Since the contest is for SLEEPING hedgies, I think the one you entered is the better choice. She's doesn't appear to be "sleeping" in the second picture. It's the same reason I chose to enter Pixy's adult picture, rather than her baby picture. Her baby picture is cute, but all babies at that age have their eyes closed, so technically speaking, it's not a "sleeping" picture.

Pixie


----------



## r_k_chic47

Can I at least post a picture and if Mintyduhh decides to post one then just ignore mine  But I'm getting off the computer and I don't want to moniter this forum 24/7 to see if she posts a picture or not. So I'm going to post one just in case, and if she does, dont worry about me.


----------



## justin j

[attachment=0:12t0rhx9]09-07-08_0019.jpg[/attachment:12t0rhx9] isent he cute


----------



## iamdbf

PixiesExoticHedgies said:


> iamdbf said:
> 
> 
> 
> Since showing another pic (not entering it in) seems okay, here's the one i almost entered instead. Some feedback on if i should have entered this or if the one i entered was better, well, that would be cool.
> 
> 
> 
> Since the contest is for SLEEPING hedgies, I think the one you entered is the better choice. She's doesn't appear to be "sleeping" in the second picture. It's the same reason I chose to enter Pixie's adult picture, rather than her baby picture. Her baby picture is cute, but all babies at that age have their eyes closed, so technically speaking, it's not a "sleeping" picture.
> 
> Pixie
Click to expand...

She kinda is. its closer to sleeping then half sleeping, but the pic was taken when i got her a couple days before, so she was too cautios and unsure of me to fully close her eyes. lol.


----------



## MintyDuhh

Okay, so my camera won't hook up to my macbook, and since I don't have any sleeping pictures already on my computer, just forget me. >>; Sorry about the hassle.


----------



## LizardGirl

That's okay.  You can participate in the next one! 

Now I just need to find out how to do a poll... *grumble grumble*


----------



## r_k_chic47

Does that mean I'm in?


----------



## iamdbf

Yup.


----------



## r_k_chic47

Yay! lol.
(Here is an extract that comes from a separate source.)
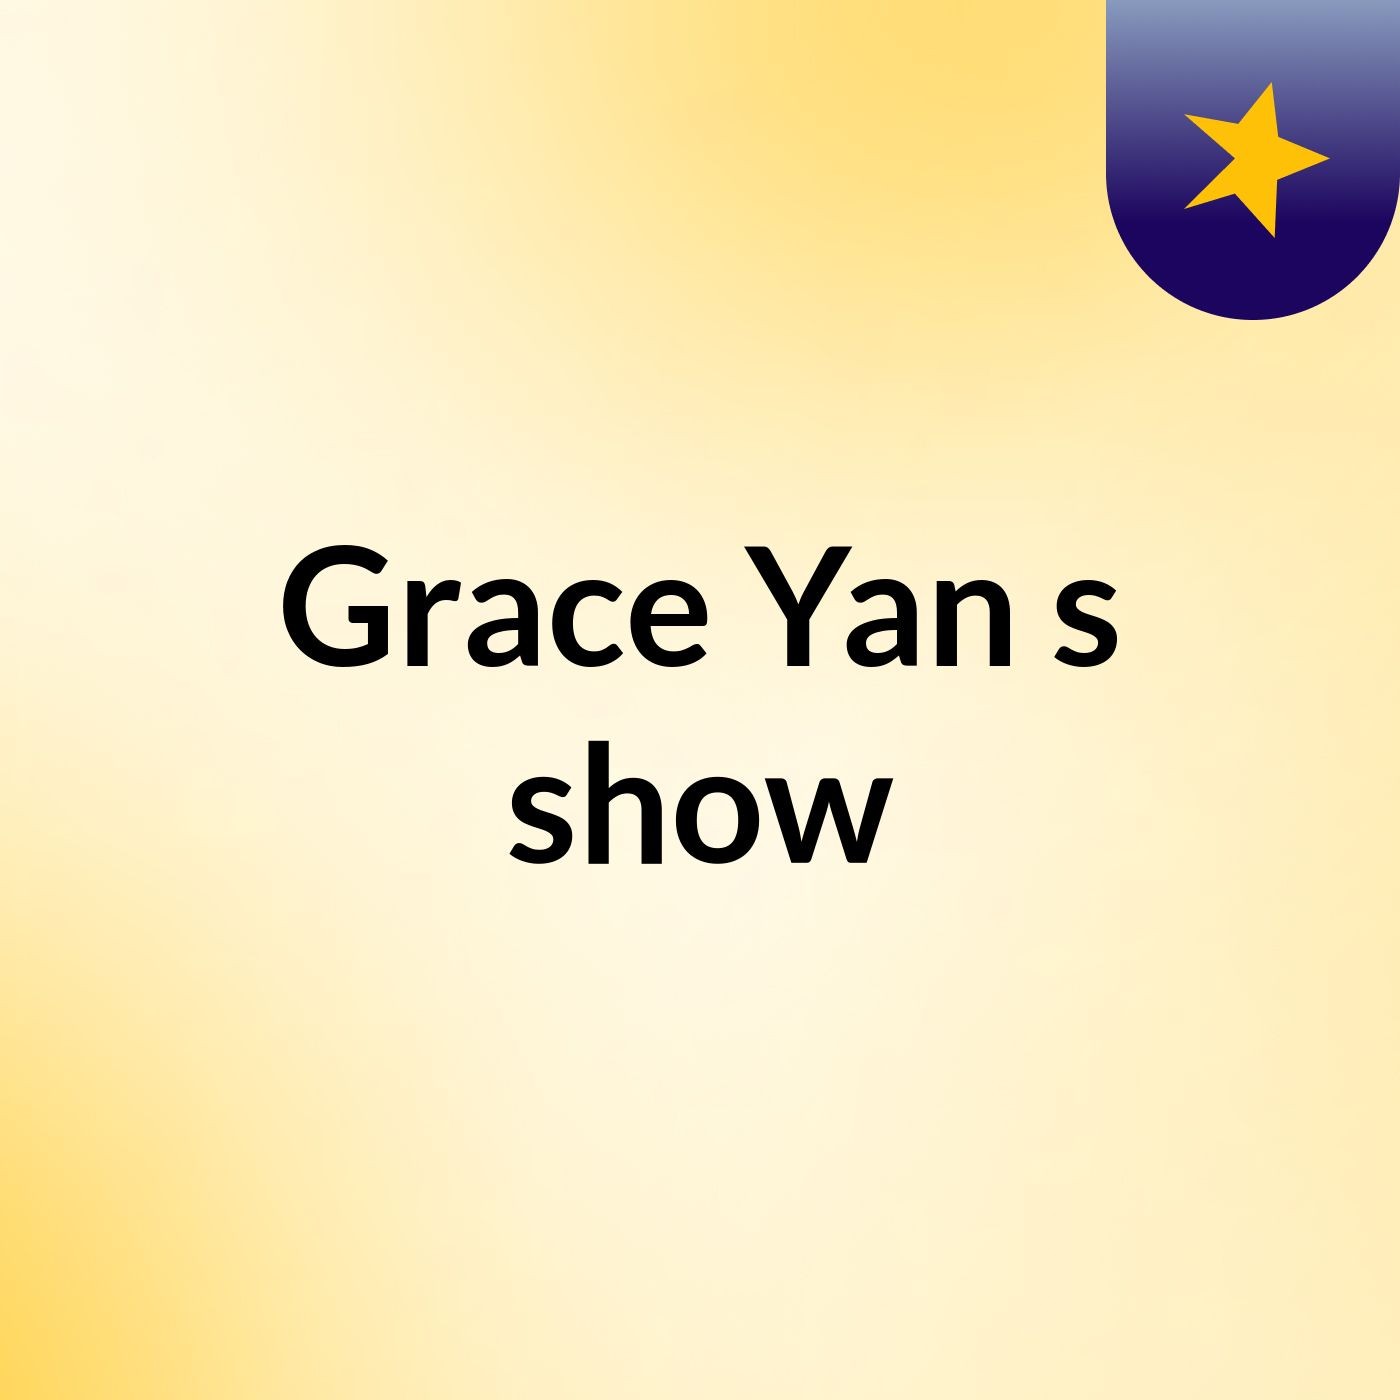 Grace Yan's show

I doubt I'll win, but it's still fun to enter


----------



## iamdbf

You will have a better chance to win if u take it with a good camera. I agree though, either way, its still fun to enter.


----------



## r_k_chic47

Well, at the moment, I don't have a good camera. I only have a camera on my phone. I could take another one with my mom's digital camera, but I can only post one picture (i think?) so this one will have to do for now.


----------



## iamdbf

You could ask LG if you can switch it. If u used a cruddy phone camera before, she may be nice and give u a chance with a digital camera to make it fair.


----------



## r_k_chic47

Yeah, maybe I should try that. I'm going to take some pics on the digital camera first (I wanted to take some new pictures anyways), and then I'll PM her, or if she sees this she can answer for me!


----------



## LizardGirl

If you want to switch out that's okay, just make sure it's before I post the contest in a different topic. That might be difficult because I have no idea when I'll do that... lol :lol:


----------



## MintyDuhh

Goodluck everyone. :3


----------



## r_k_chic47

Shoot i'm too late - I couldn't get any good pics last night. Oh well, I'll stay with the one I have. Good luck everyone!


----------



## pricklypigs

I hope this made it in on time... Sprinkles loves sleeping under the blankets in her "superman" or woman pose.


----------



## iamdbf

U were several days late. you need to count up pics first and see if voting is already open. U can wait till next contest. cute pic tho!


----------